Decoupled Multimodal Distilling for Emotion Recognition

Yong Li,Yuanzhi Wang,Zhen Cui
2023-03-24
Abstract:Human multimodal emotion recognition (MER) aims to perceive human emotions via language, visual and acoustic modalities. Despite the impressive performance of previous MER approaches, the inherent multimodal heterogeneities still haunt and the contribution of different modalities varies significantly. In this work, we mitigate this issue by proposing a decoupled multimodal distillation (DMD) approach that facilitates flexible and adaptive crossmodal knowledge distillation, aiming to enhance the discriminative features of each modality. Specially, the representation of each modality is decoupled into two parts, i.e., modality-irrelevant/-exclusive spaces, in a self-regression manner.
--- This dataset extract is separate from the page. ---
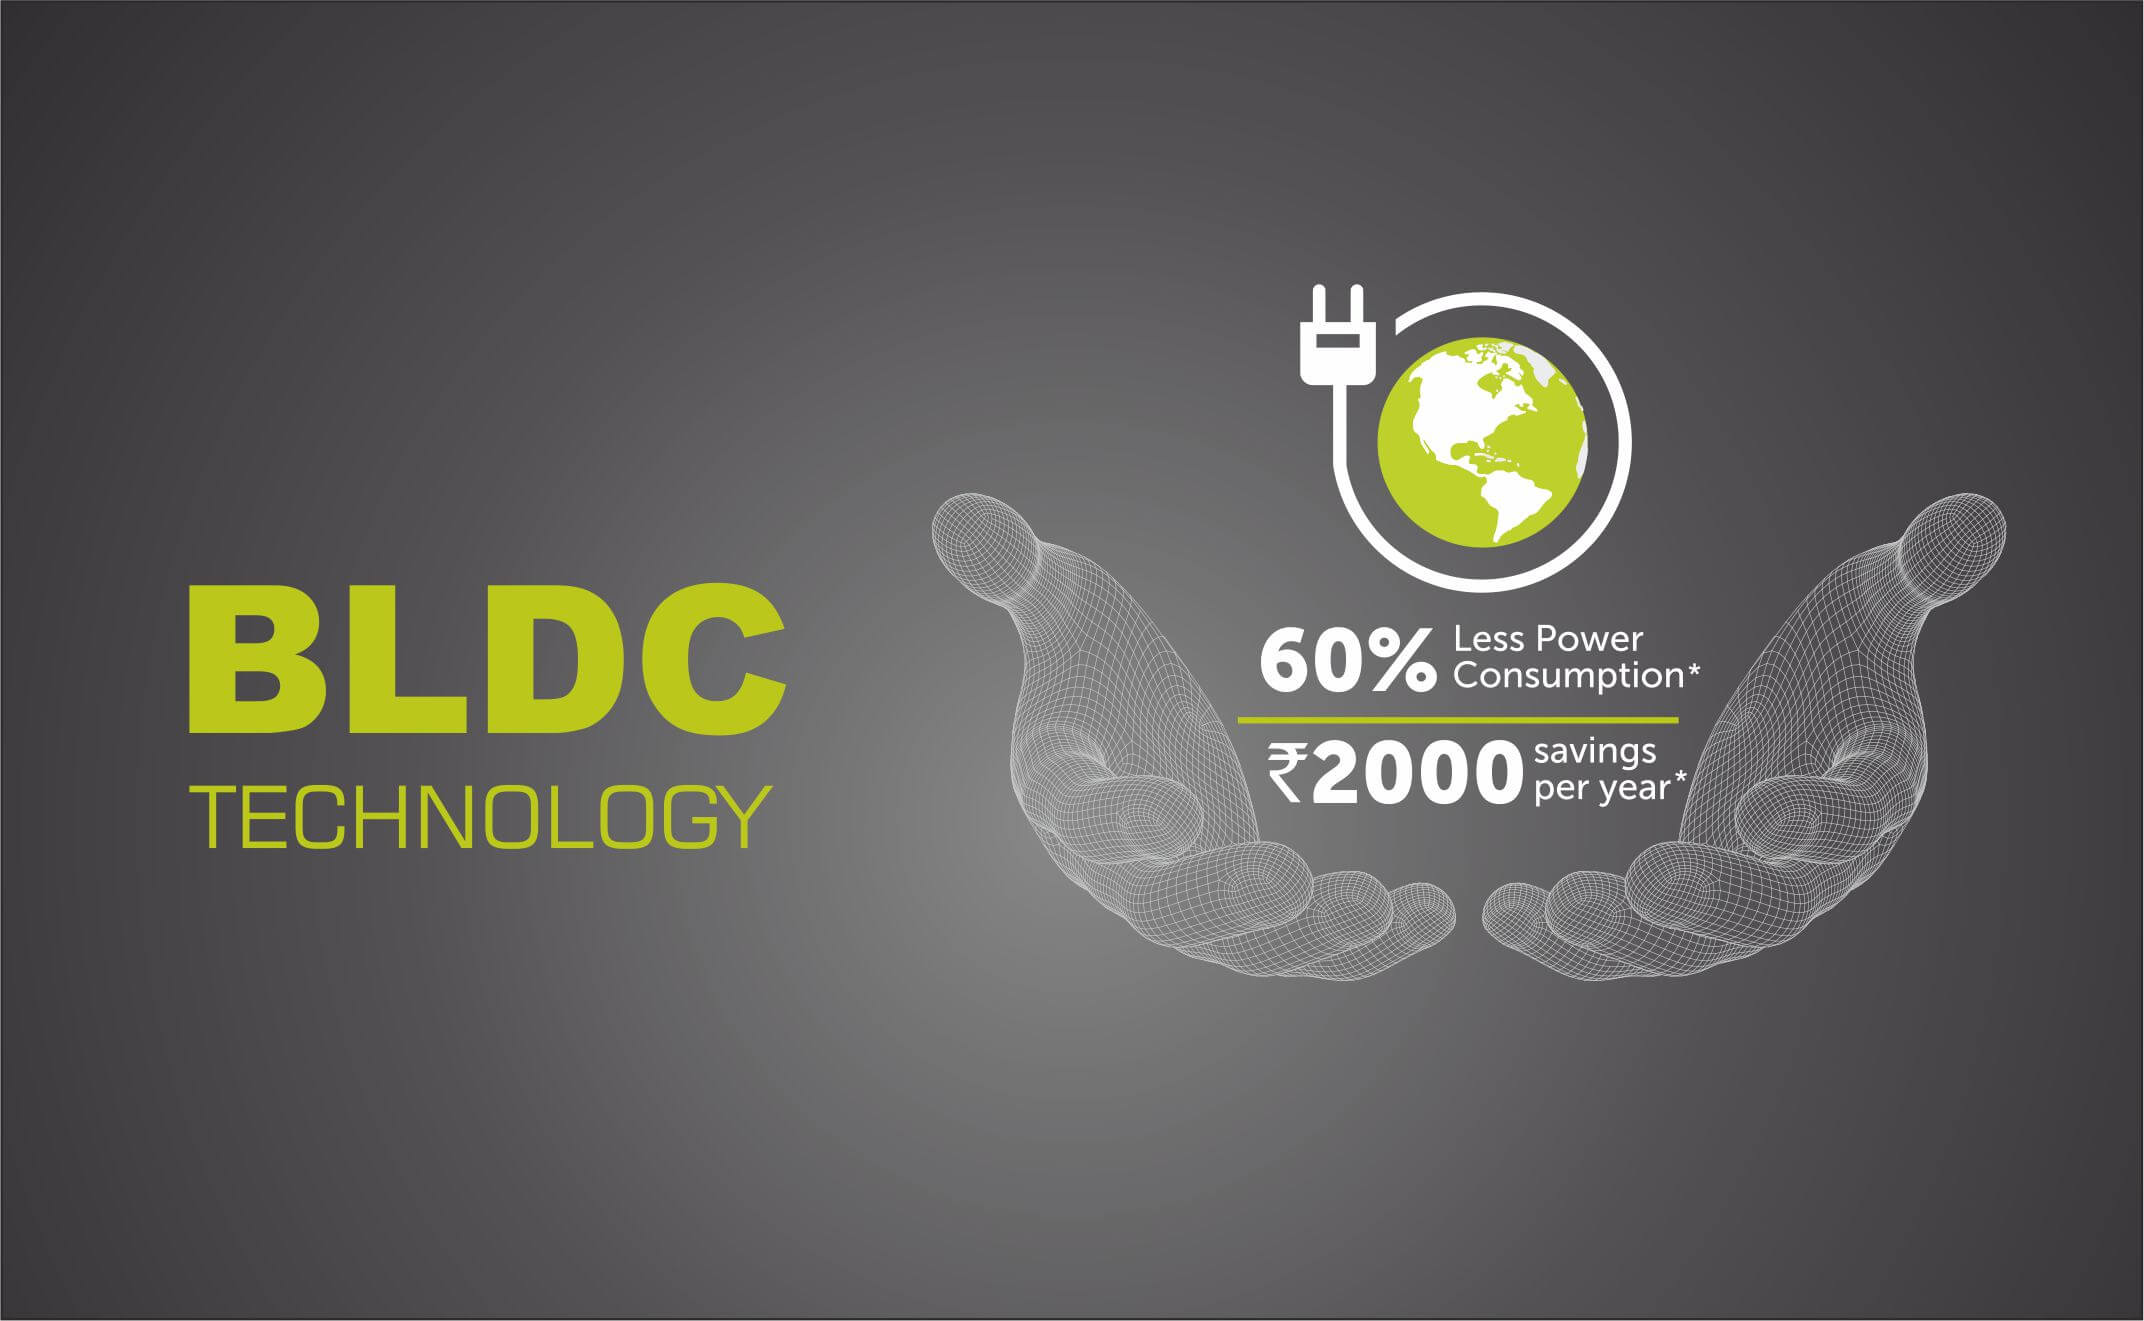 World’s 1st Air Cooler With BLDC Technology

DMD utilizes a graph distillation unit (GD-Unit) for each decoupled part so that each GD can be performed in a more specialized and effective manner. A GD-Unit consists of a dynamic graph where each vertice represents a modality and each edge indicates a dynamic knowledge distillation. Such GD paradigm provides a flexible knowledge transfer manner where the distillation weights can be automatically learned, thus enabling diverse crossmodal knowledge transfer patterns. Experimental results show DMD consistently obtains superior performance than state-of-the-art MER methods. Visualization results show the graph edges in DMD exhibit meaningful distributional patterns w.r.t. the modality-irrelevant/-exclusive feature spaces. Codes are released at \url{<a class="link-external link-https" href="https://github.com/mdswyz/DMD" rel="external noopener nofollow">this https URL</a>}.
Computer Vision and Pattern Recognition
What problem does this paper attempt to address?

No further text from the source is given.